The tongue is important for many reasons. Speech and swallowing are its most important function. Benign and malignant tumors of the tongue destroy the lining and the deep muscle tissue and no matter what the treatment is we cannot undo that. But most patients can still be very functional. Benign tumors are usually excised with surgery. Some rare tumors may occasionally be observed and followed closely in certain select patients. For cancers, the most common is squamous cell carcinoma. As for all squamous cell carcinomas, radiation and surgery are the treatment modalities that have the potential to cure them. Chemotherapy may help radiation work better in advanced cancers or in non-surgical candidates. HPV (human papillomavirus) has been implicated as a causative factor in an increasing number of cancers of the pharynx (throat) and base of the tongue. HPV positive cancers have a better prognosis. For treatment purposes, we divide the tongue into the front two thirds (the part that sits in the mouth) and the back third (so-called base of tongue). Squamous cell carcinoma of the tongue is potentially curable in many cases as long as it has not spread outside the head and neck region. We perform imaging (PET scan, CT, MRI) to determine if it has.
Generally, cancers involving the front two-thirds of the tongue are treated with surgery initially and radiation offered after surgery to advanced or high-risk cases. Cancers of the base of tongue are usually treated with chemotherapy and radiation and surgery is reserved only for cases where it does not work. The reason for this is the cure rate is equivalent but the expected side effects of chemoradiation are better than those of surgery for the base of tongue cancers and the opposite is true in terms of side effects and effectiveness with cancers of the front two-thirds of the tongue where surgery is preferred.

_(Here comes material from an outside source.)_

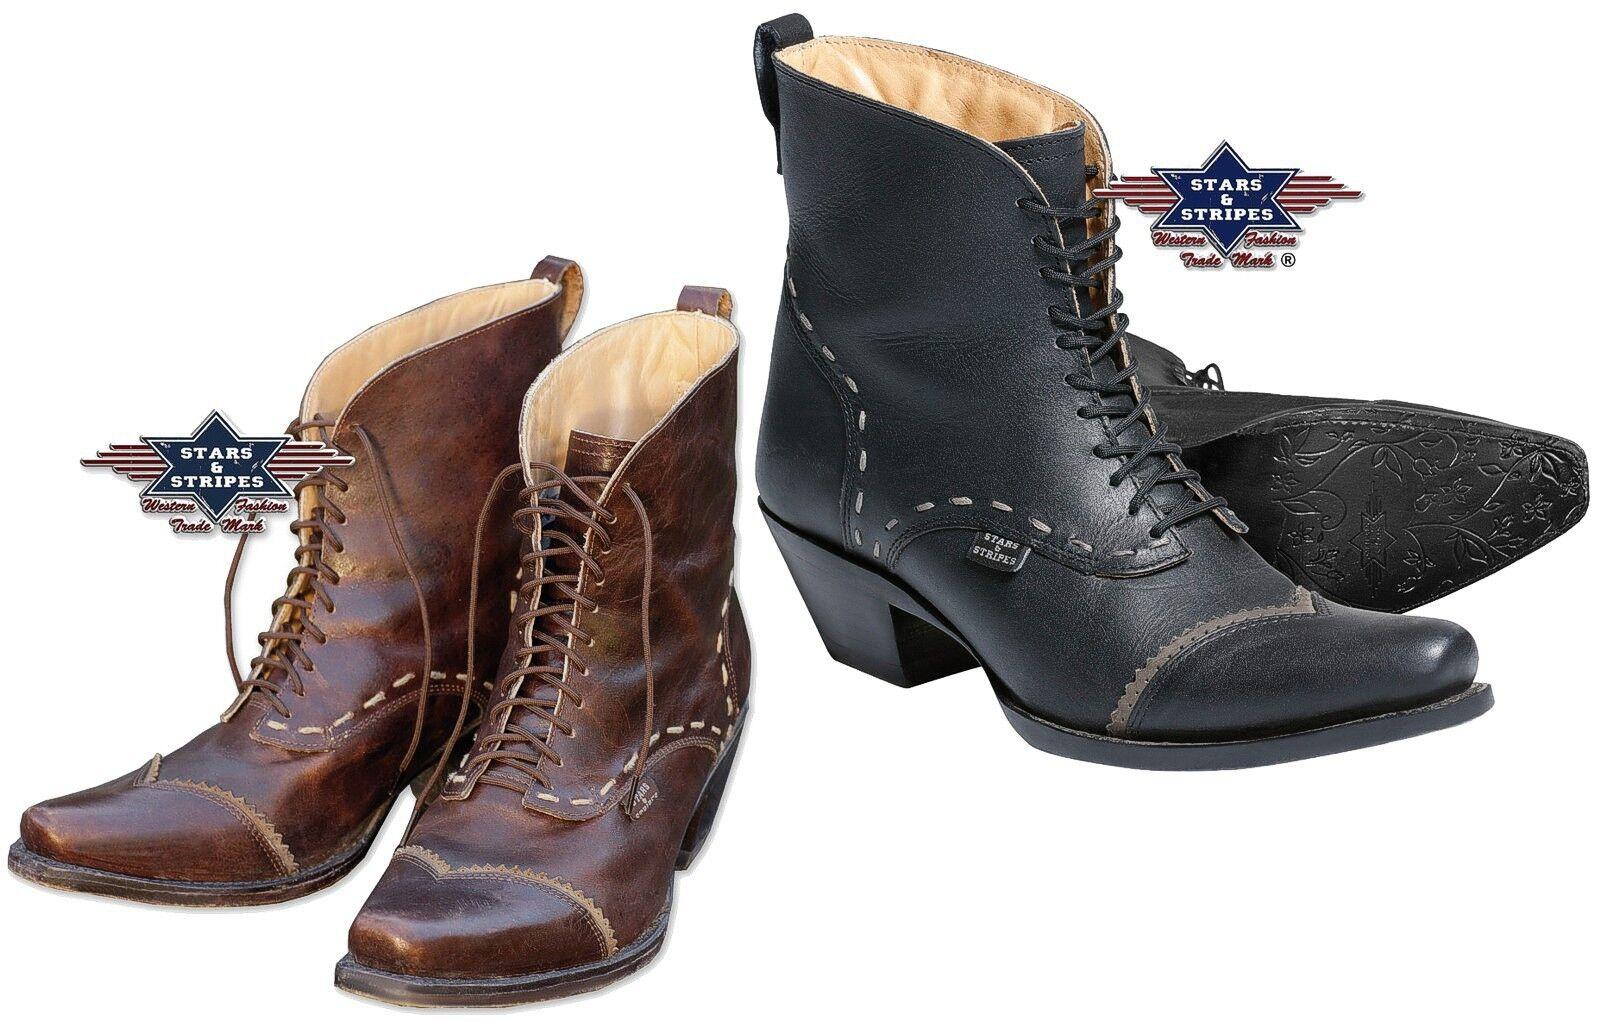 Señora botín country western botas de cowboy cowboy cowboy botines  Ashley  S & S  precios bajos

Radiation therapy is generally given daily as on outpatient five days a week for 6-8 weeks (exact amount determined by radiation oncology). Chemotherapy, if given, is done intermittently again on an outpatient basis. Surgery focuses on two things equally: removing the cancer and reconstruction. Most of the time we can remove these tumors through the mouth and avoid external scars. Occasionally, there is a need to make incisions around the chin. Once the cancer is removed, we then focus on tongue volume. You must have volume to be able to swallow even spit or speak at all. I always tell patients to accumulate some saliva in their mouth and then try to swallow without touching the tongue to the roof of the mouth. It is not possible. So, if there is enough volume of the remaining tongue, we try to close it on itself. If there is not enough volume then, depending on how much tissue is needed, we will bring in tissue (a transplant where tissue with its blood supply is brought into the head and neck to provide healthy tissue with a blood supply) from somewhere else in the body. The site of the tissue transplanted depends on the volume needed and could be from the forearm, chest wall, abdominal muscle, back skin or thigh skin. Often it is necessary to remove some lymph nodes from the neck or parotid region (neck dissection and parotidectomy respectively) due to the risk of spread to these areas. Immunotherapy has had an increasing but not perfectly well-defined role as an adjunctive treatment. The cure rate obviously will improve as the cancer is picked up earlier. Most patients are able, once healed, to eat by mouth and speak.